Hi mama-to-be. YOur story was just about exactly my story a year ago. I did everything I could think of and Scarlet just didn't want to turn. I do want to say that at 36 weeks you may have plenty of time. I had planned for a homebirth and in the end resigned myself to a cesarean birth. Scarlet had the chord wrapped around her neck twice. After she was born my midwives met her and commented on how calm and at peace she was and that it must have been the birth that she needed. they mentioned that babies born from unnecessary c/s were often agitated. I wish for you the birth that you most want. I would write more but this is still a hard topic for me.


----------



## amjs (Oct 23, 2005)

Quote:


Originally Posted by *erin_brycesmom* 
amjs - have you been getting webster done three times a week? My baby was 9 and half lbs and Webster worked for me. ALthough it did take several times to get him to stay head down. Also the weight is just an estimate and we all know how wrong they often are.
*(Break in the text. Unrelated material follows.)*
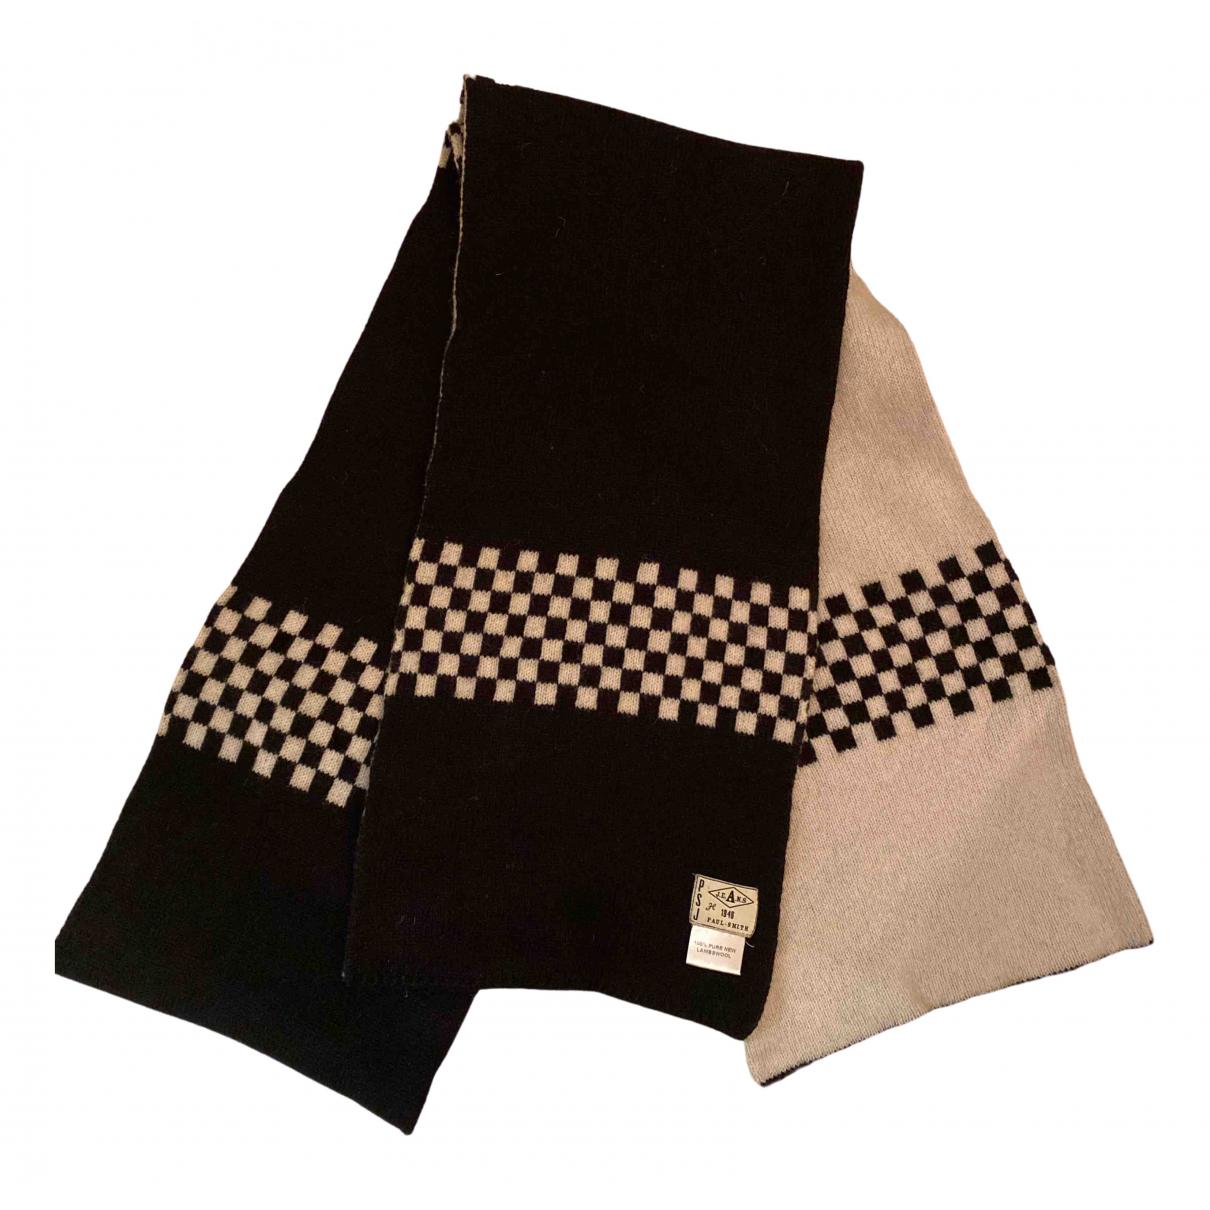 Paul Smith N Black Wool scarf & pocket squares for Men N

sure have, but i only needed adjustments the first two times and she said i wasn't very tight in either place. the next two times i went she said i didn't need the adjustment...i'm going back to be checked again but i don't know if she feels there's much she can do for me at this point.


----------



## amjs (Oct 23, 2005)

Quote:


Originally Posted by *honeybeedreams* 
dn't give up, keep trying everything, esp the webster technique and the rebozo. keep taking the pulsitilla. (though i wouldn't do any more versions)


the only info i found on the pulsatilla said to use it for one day. i think the directions were one pill every two hours--so it's ok to try it again? do you know what the dosing would be?


----------



## Cutie Patootie (Feb 29, 2004)

Please do not put any weight...no pun intended







...on your babies estimated weight. My ob wanted to schedule a c-section saying my baby was already huuuuuge, nearly 10lbs and ds came out vaginally at 7.11







Thank goodness we ran from there to find an ob with a brain.







: Your body was made to birth your baby.







...and babies size rarely rarely matters.

Have you looked into the *Bagnell* technique? It is the newest chiropractic technique and I believe only 5% of babies don't turn, and that is due to cord issues etc. Basically the babies who are not supposed to turn don't turn. 36 weeks is still early. Your baby could be "cooking" for another 6 weeks. Some babies also turn last minute, literally when mom is in labor. Work on talking to your baby and telling him/her that they know best what they need and that it is okay to turn or stay just the way he is.

http://www.pregnancychiropractic.com/FindaDoctor.html
http://www.todayschiropractic.com/ar....analysis.html
http://www.drbagnell.com/Moms-toBe.html


----------



## amjs (Oct 23, 2005)

Quote:


Originally Posted by *maxmama* 
I currently have my second consecutive breech. At 37 weeks, she's much smaller than her brother and I'm holding out hope for a successful version Wednesday. But it's been very hard to accept that I may not have the VBAC I have otherwise struggled to get (long story -- insulin-dependent GDM, Kell positive, history of severe PE, and have convinced my OB to let me go post dates -- all of which will be pointless if I can't get her turned).

i'll be thinking of you two on wednesday and hoping for a successful turn!


----------



## maxmama (May 5, 2006)

Quote:


Originally Posted by *amjs* 
i'll be thinking of you two on wednesday and hoping for a successful turn!

Thanks -- I have a good shot at it, with a small baby, lots of fluid and a big ol' multip uterus. The OB I really wanted to do the version jsut retired, which is the only thing that's bumming me out right now (he was about 800 years old and had incredible hand skills -- both for versions and for births).


----------



## amjs (Oct 23, 2005)

Quote:


Originally Posted by *Cutie Patootie* 
Please do not put any weight...no pun intended







...on your babies estimated weight.

any idea on the general consensus on weight estimate by palpitation?

Quote:


Originally Posted by *Cutie Patootie* 
Have you looked into the *Bagnell* technique?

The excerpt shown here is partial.